"You have to consider that we've had a lot of changes in New Hampshire," says Weed. "The majority party now believes that government has some important functions for the people. [The FSP's] attempt to take over the state is naive — most people here feel there's a social conscience that goes along with tax paying."
FSP recruitment has been difficult, as Free Staters were largely ignored in their first few years — even by the local Sentinel newspaper — and only began to grab major headlines a few months before Kostric's gun show. In May, the group was mentioned on a Fox News Freedom Watch podcast; that same month, members were profiled in a prominent Boston Globe feature. Those spotlights — as well as recent Sentinel reports on the arrests of several members — were relatively positive, and the Free Staters I spoke with appreciate the coverage, despite occasional misrepresentations (the Globe profile, for example, implies there have been collective acts of civil disobedience — a major faux pas in the eyes of such proud individualists).

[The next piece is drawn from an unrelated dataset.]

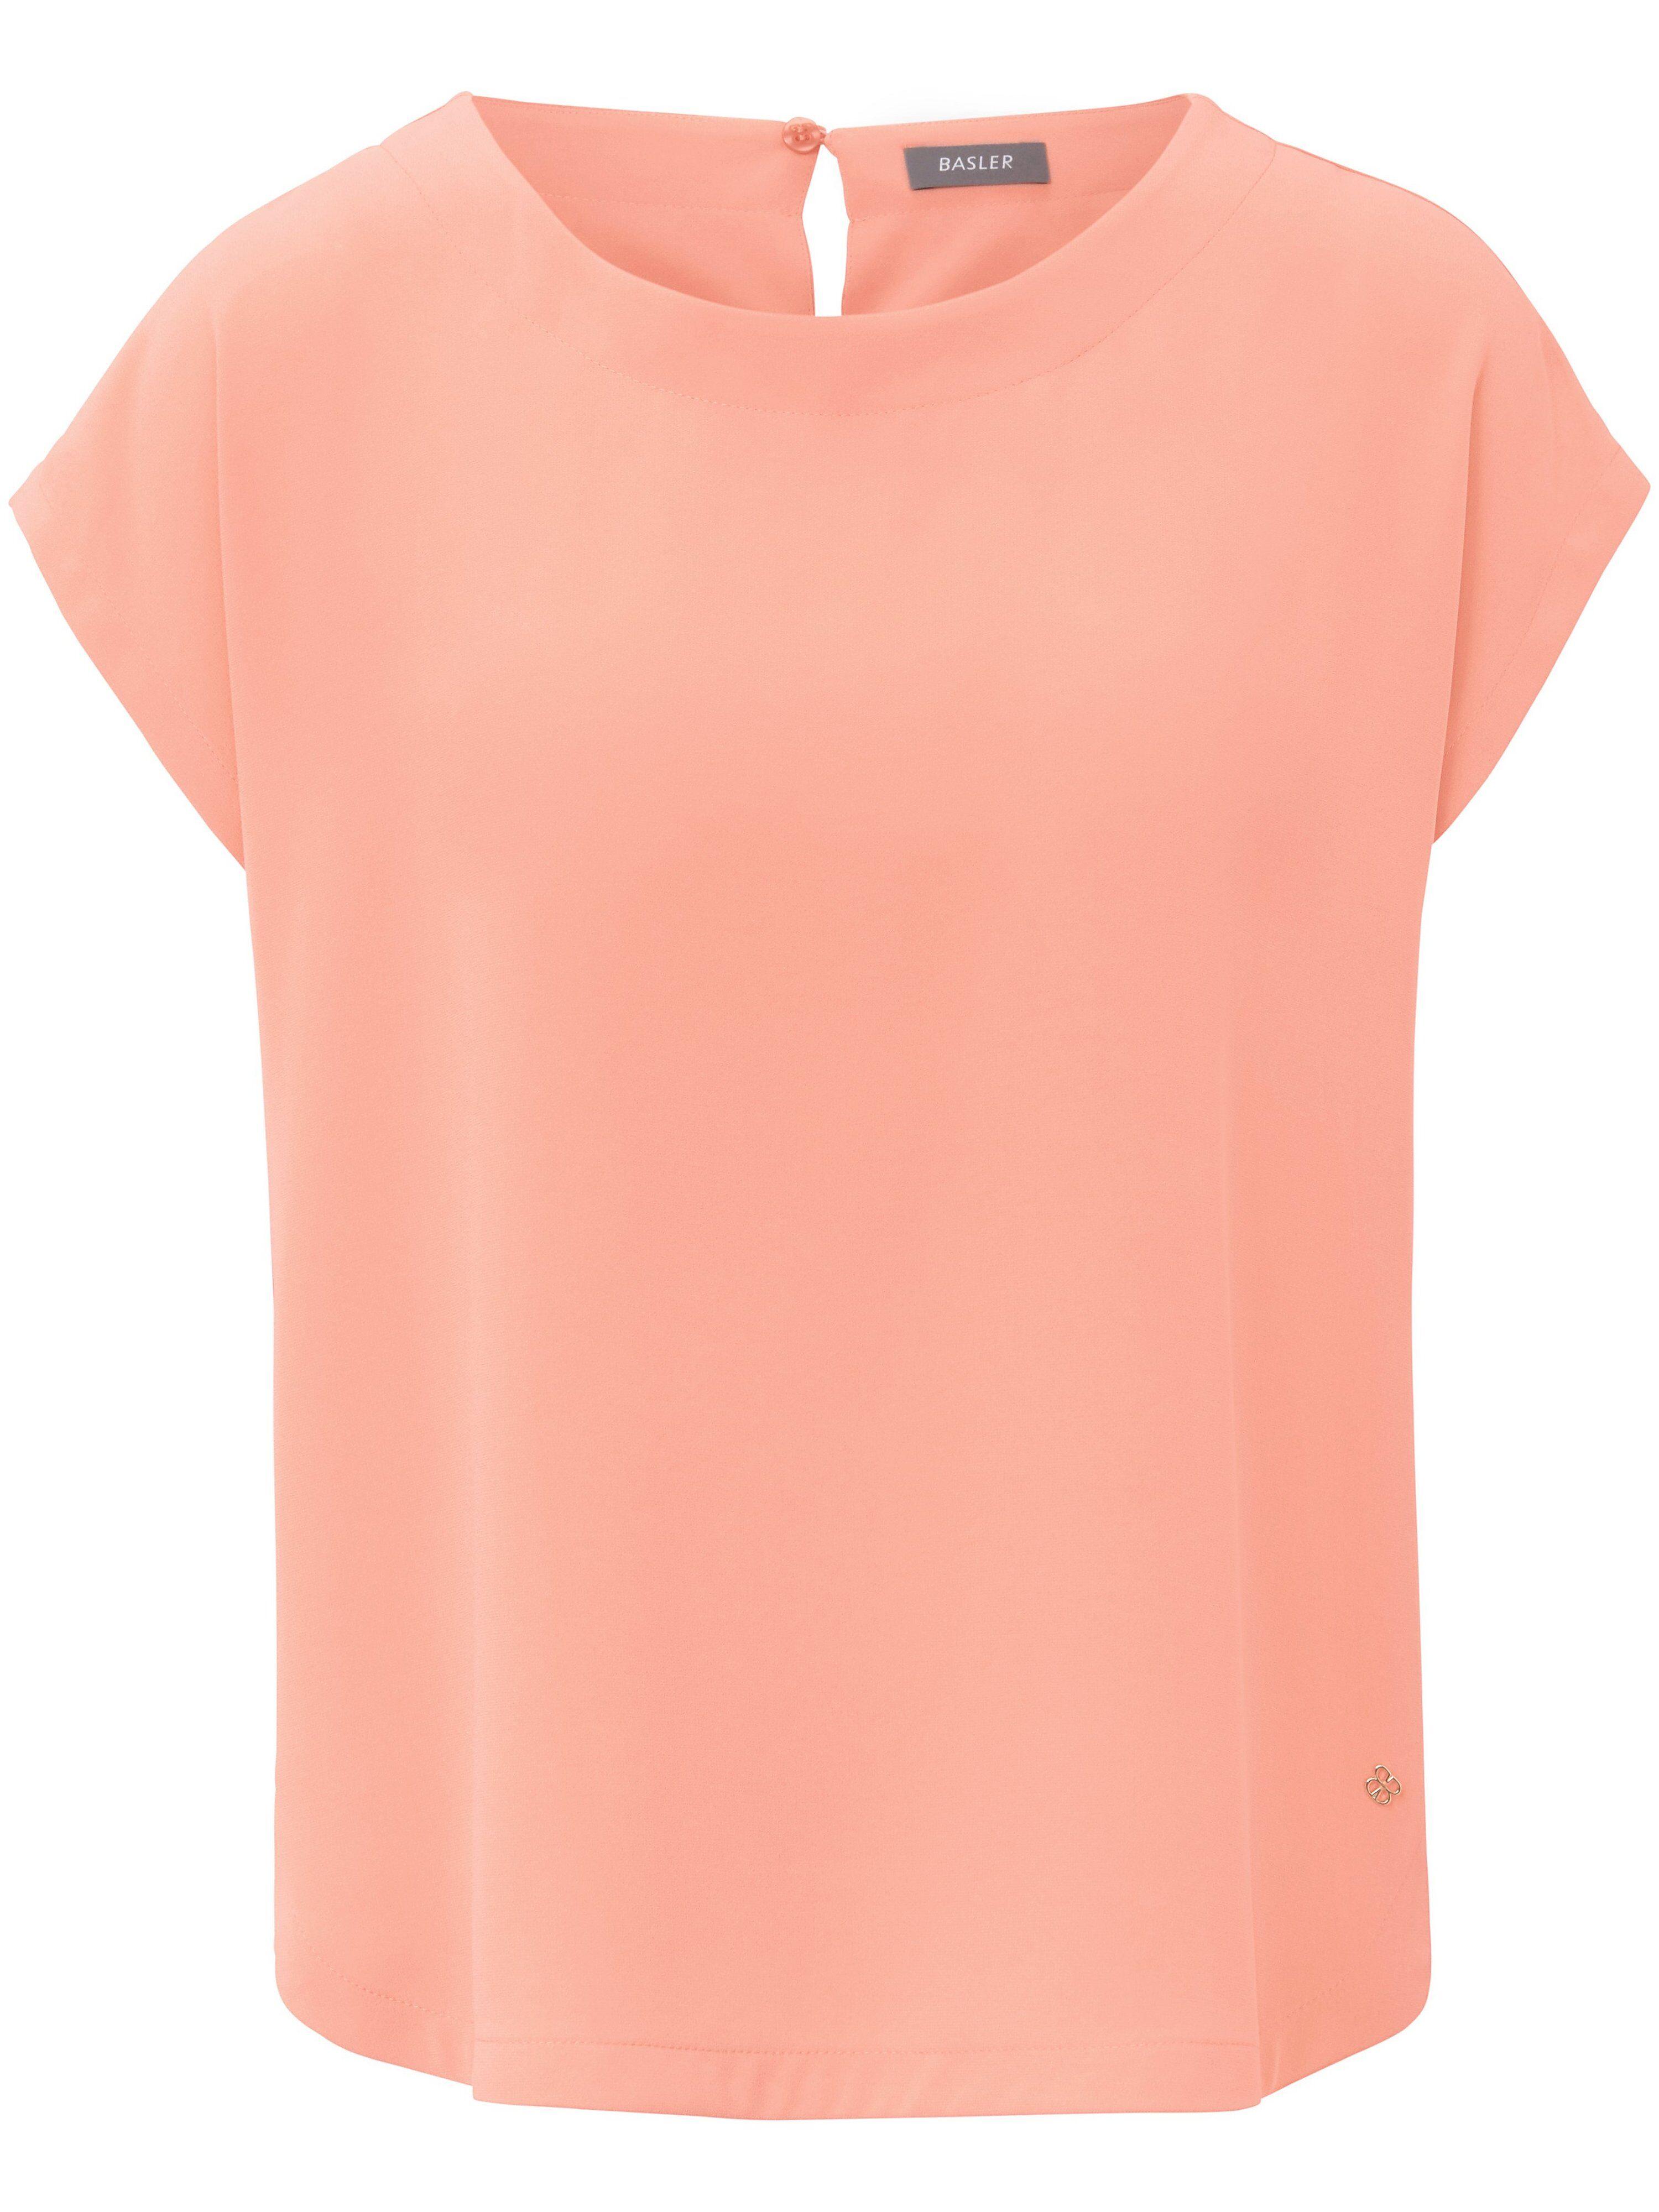 Basler La blouse ligne fluide  Basler orange  - Femme - 40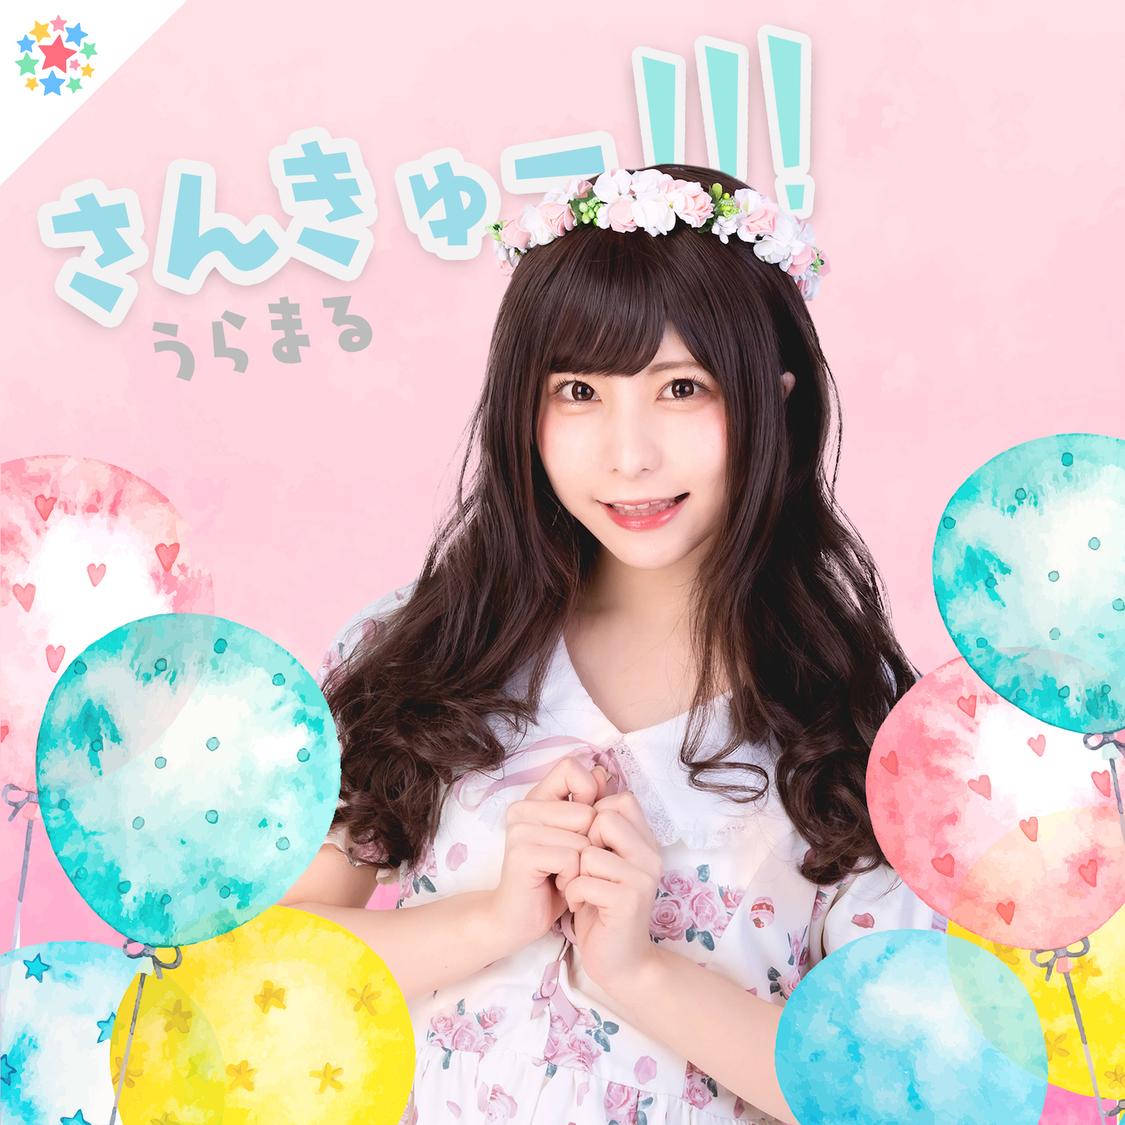 うらまる、新曲「さんきゅー!!!」リリース記念 スペシャルメッセージ動画公開!

As for Kostric, Free Staters agree on a "no harm, no foul" defense; like he told freekeene.com moments after his duel with Chris Matthews, there could not have been a better way to advertise his ideology.
"You need to sometimes present a more extreme viewpoint to pull people halfway between where they are and where you'd like them to move," said Kostric. "Hopefully it shocked some people into opening their eyes. I would have liked to have seen 100 open carriers standing on the front lawn of that church — that would have given the media something to really notice. Look at what just one person did."